In her first season as Artistic Director of the Gate Theatre, Ellen McDougall puts women centre-stage by choosing a modern-day Greek tragedy with a female character experiencing a full-throttle domestic crisis.

Suzy Storck

The Gate Theatre Notting Hill

In her first season as Artistic Director of the Gate Theatre, Ellen McDougall puts women centre-stage by choosing a modern-day Greek tragedy with a female character experiencing a full-throttle domestic crisis.

While Magali Mougel’s expressionist-existential play about crippling post-natal depression and physical abuse could be off-puttingly bleak and niche, this striking piece finds its perfect rhythm in French director Jean-Pierre Baro’s haunting production. Like the storm that threatens to break on the devastating evening Suzy Storck gazes out of her kitchen window, lost to soul-destroying drudgery, the violent emotions expressed produce their own electrifying shock waves.

Mougel’s text, here translated with impressive clarity by Chris Campbell, ripples with literary allusions: mainly Greek tragedy but also folklore and myth. Suzy is in part a modern-day Yerma who repeatedly questions how motherhood has trapped her. She hates her life. Did she choose to have children or was it her passive response to Hans’ courtship – delicately portrayed through spare scenes set at the chicken factory where the two meet – that provides a more accurate explanation of the disastrous turning point. Or perhaps Suzy’s controlling mother [played with fierce violence and razor-sharp comic timing by Kate Duchene] is to blame. Certainly Suzy’s memory, stultified though routine, is not reliable – a fact that crystallizes with devastating consequences when she neglects her three children. The inspired set has flashes of vivid colour that shine light through the fug. Multiple toys litter the white, anodyne floor. A disturbing projection of a decaying body of an animal is sparingly used. When Suzy turns up for an interview at a children’s clothes shop she attempts to project commitment by wearing fuschia stilettos.

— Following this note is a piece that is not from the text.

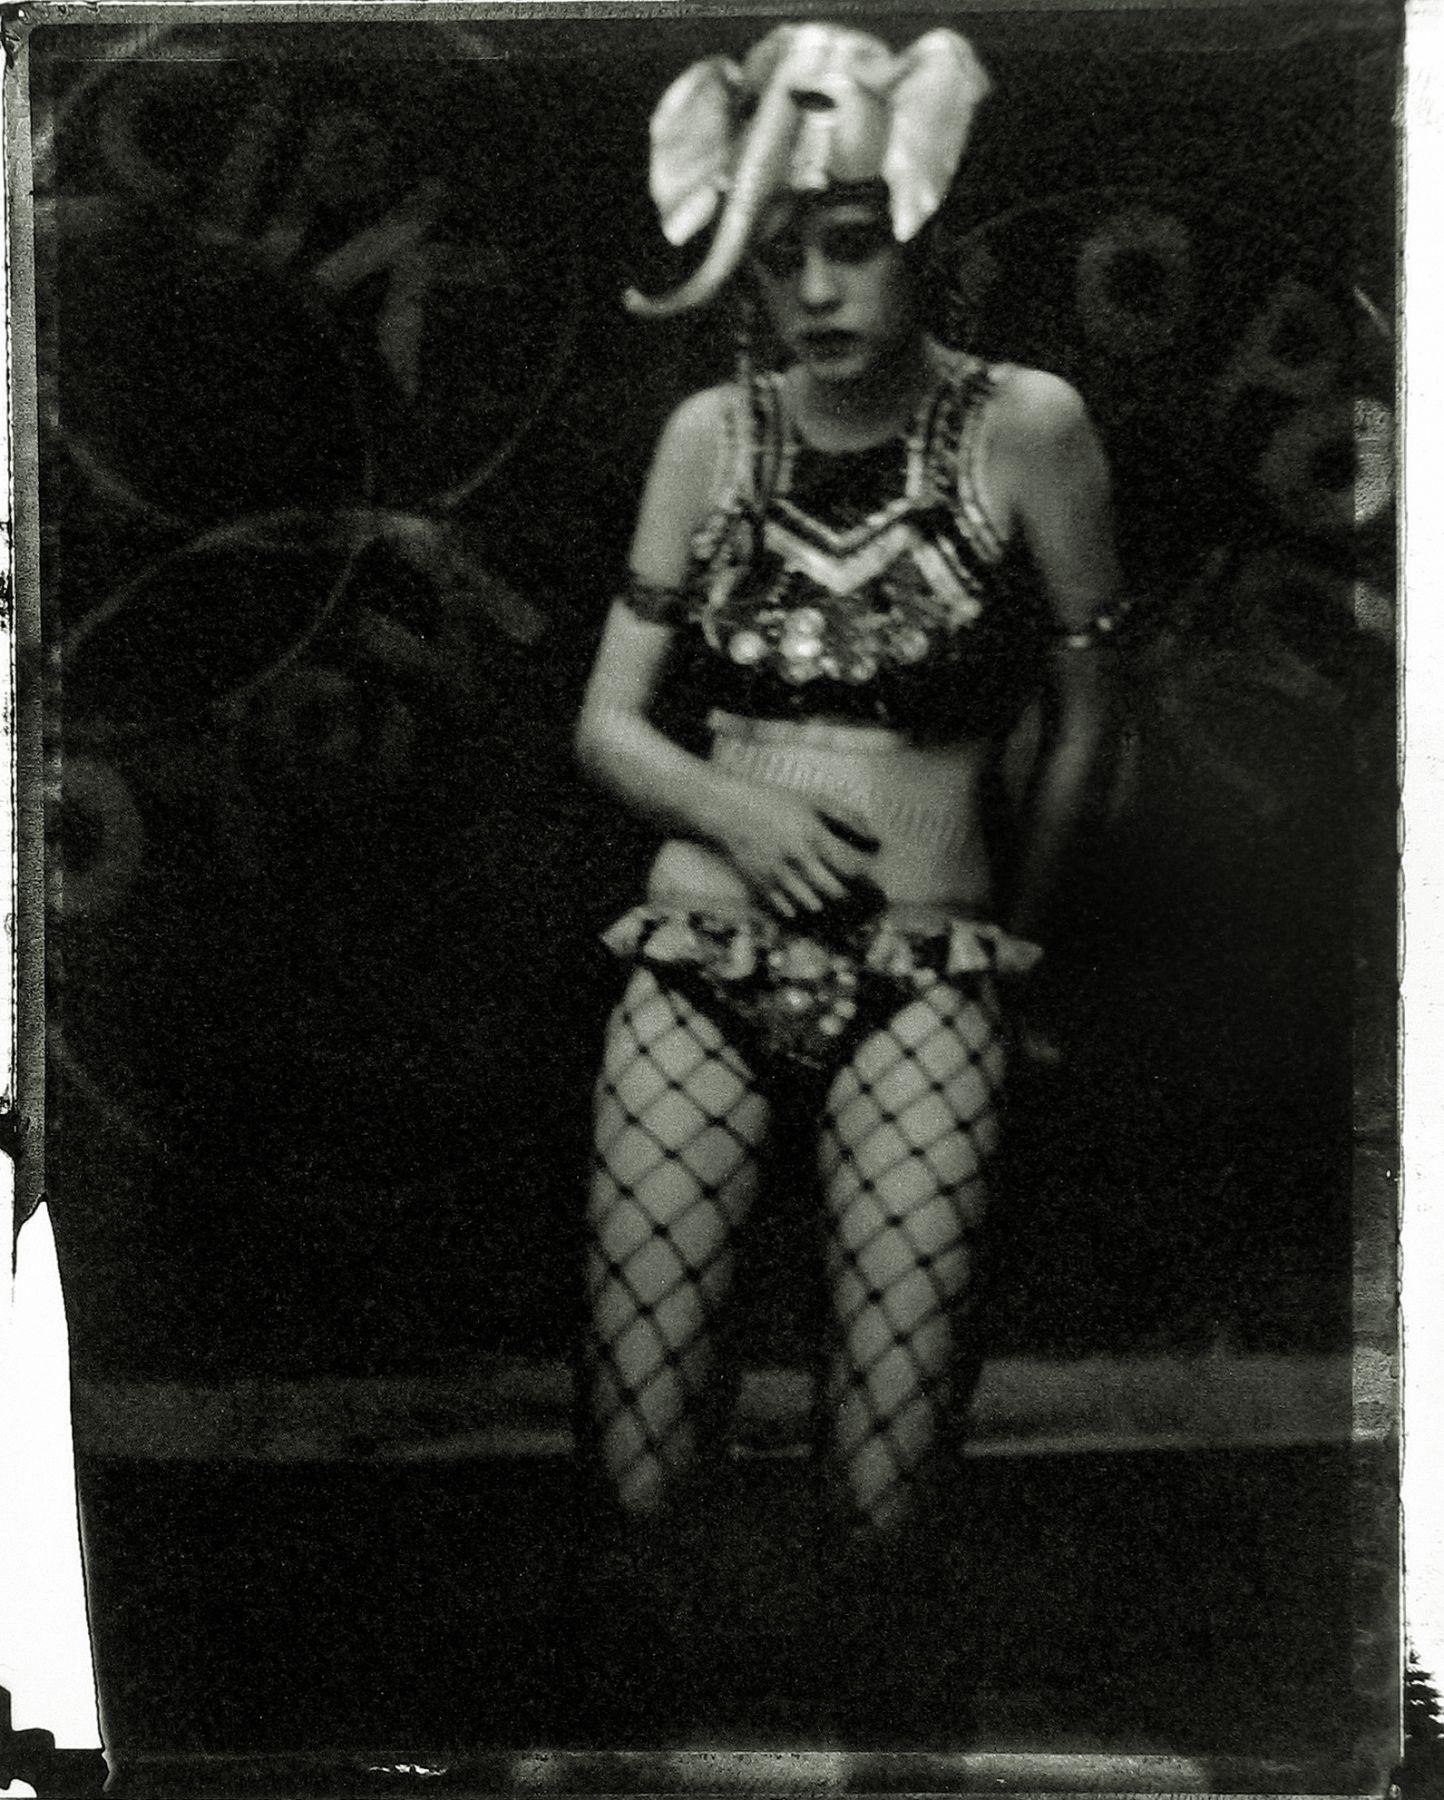 Sarah Moon: Circus 2004 2005 howard greenberg gallery

As Suzy, Caoilfhionn Dunne breaks your heart and Jonah Russell as Hans walks a tightrope of righteous self-pity. Theo Solomon as the Chorus morphs between secondary players with chilling confidence as the tragedy unfolds. Alienation is everywhere in this world and the fourth wall breaks down repeatedly. Suzy and Hans protest to the audience they are uncultivated people so why should their story matter. It really does. A singular play: go - don’t keep your distance.